A Perrysburg family is now pinching their pennies knowing there is no check coming for what seems like a while.

The Hastings are a one income family. Shalena is currently working on her degree, so her husband’s job with the Coast Guard pays their bills. While he is still working a full week, there’s no money coming in. That has forced them to live differently and even work extra hours.

“I’m terrified to be honest,” said Shalena Hastings, wife of an E5 with the US Coast Guard stationed in Toledo. “Yes, because we don’t know when it’s ending. We don’t know when our next paycheck is going to be. We just don’t know and that uncertainty is just sometimes it weighs a lot on us."

Brice Hastings has served in the U.S. Coast Guard for 10 years.

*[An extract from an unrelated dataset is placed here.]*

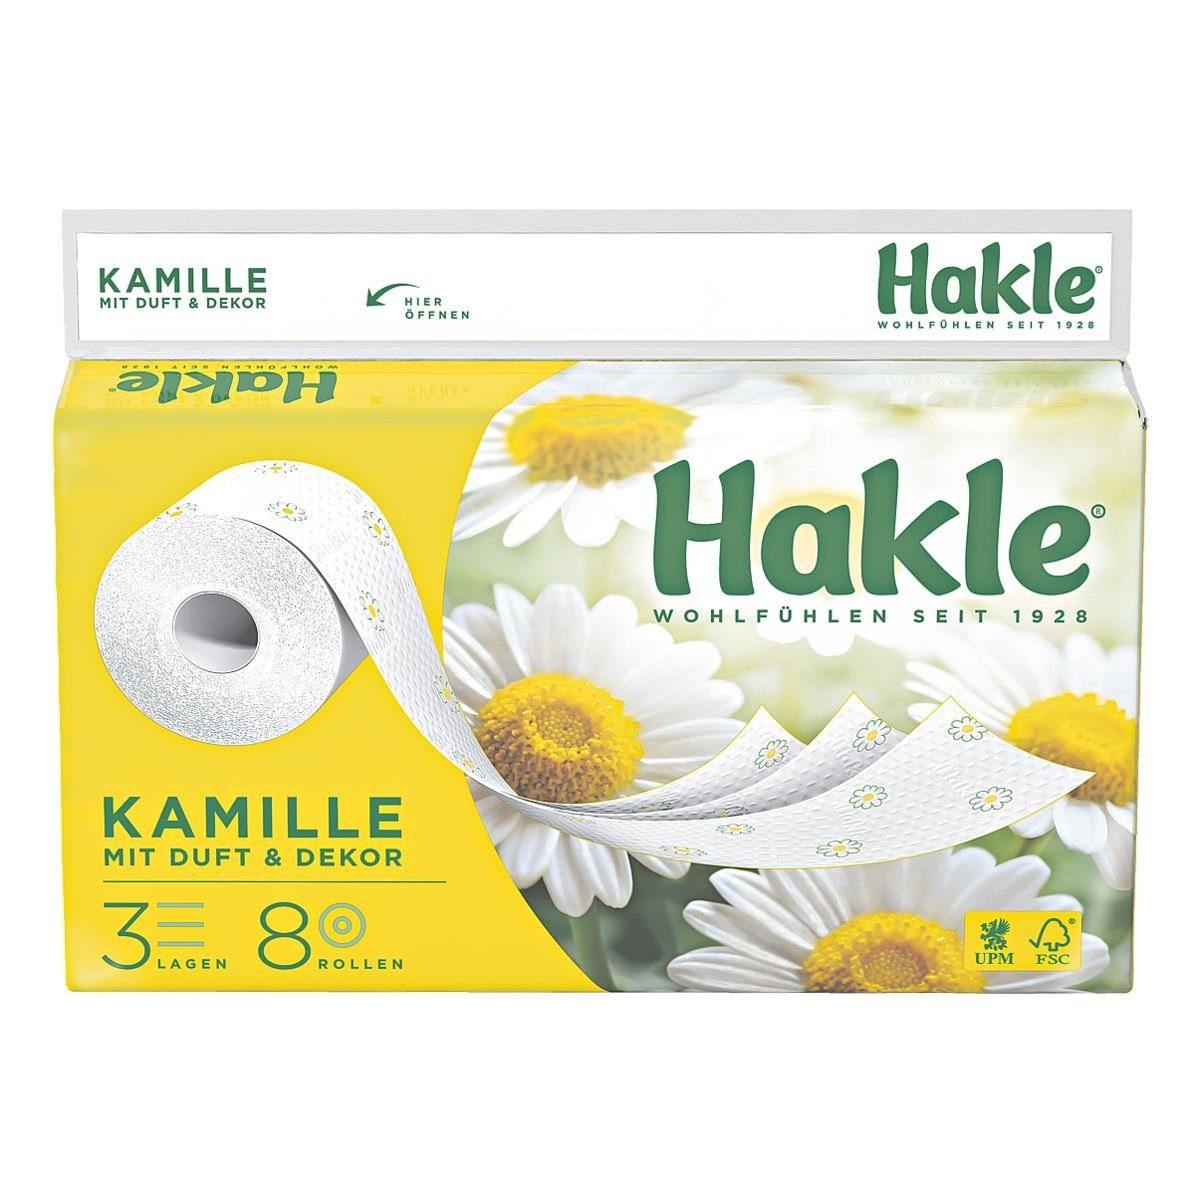 Hakle Toilettenpapier 3-lagig - 8 Rollen »Kamille«
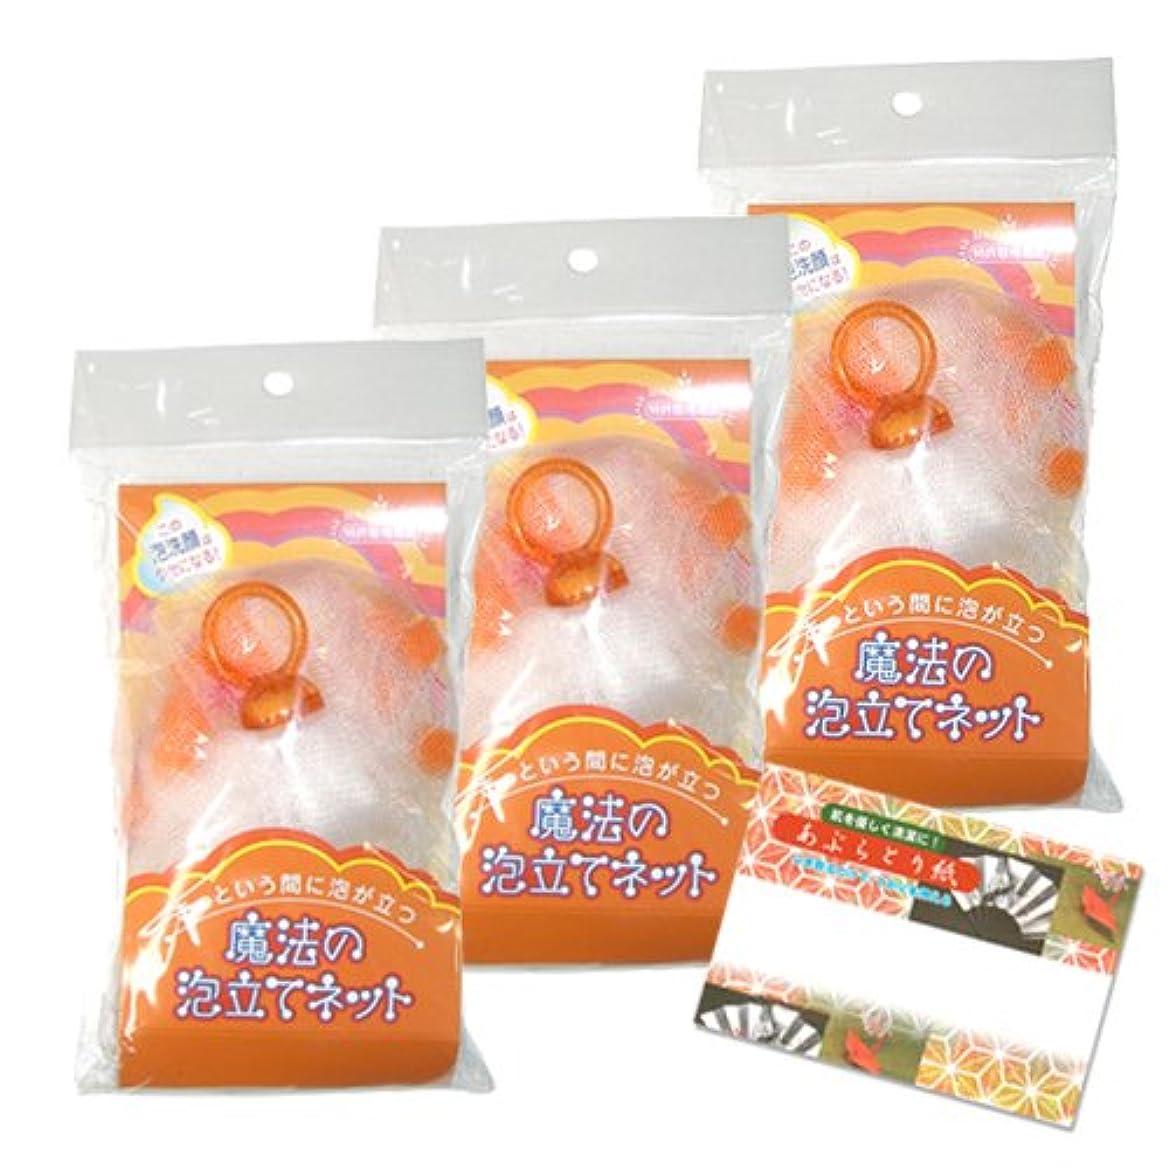 ニッケルオピエート汚物モンクレール 魔法の泡立てネット ソフトタイプ (オレンジ) x 3個セット + あぶらとり紙 10枚入

Just like in the past, he gets up and goes to work at the Toledo Station every day only now he’s doing it without pay because of the government shutdown.

“It’s beyond what we could have ever imagined for having the comforts for ten years that we’ve had to it just being stopped out of nowhere,” said Shalena.

Shalena said their bills are due next week and they are cutting corners to make ends meet for their family of three. They quit cable, are eating smaller portions, and have even picked up second jobs to help pay the bills.

“We don’t know,” said Shalena Hastings. “How are we going to pay rent next or our car payments? How do you even go about. Nothing compares to what he’s currently making or was making.”

While they are doing their best to maintain normal for the 9-year-old daughter, Shalena said it’s been a challenge. They wanted to go to Winterfest in Perrysburg Friday, but also know they shouldn’t to save any extra money.

Shalena wants Washington to know what it’s doing to families like hers.

“It’s not just about the wall or no wall or whatever agenda that they have at the table,” explained Shalena Hastings. “That it’s more because they don’t see the people that are struggling to be able to find the money, even just to feed their kids or go to essential doctor’s appointments or whatever. They need to understand that it’s not just about a wall, it’s about the American people.”

The Hastings said their community has been helpful in this tough time. Shalena is hopeful the shutdown will end soon and those who served America through it will be compensated for the time lost.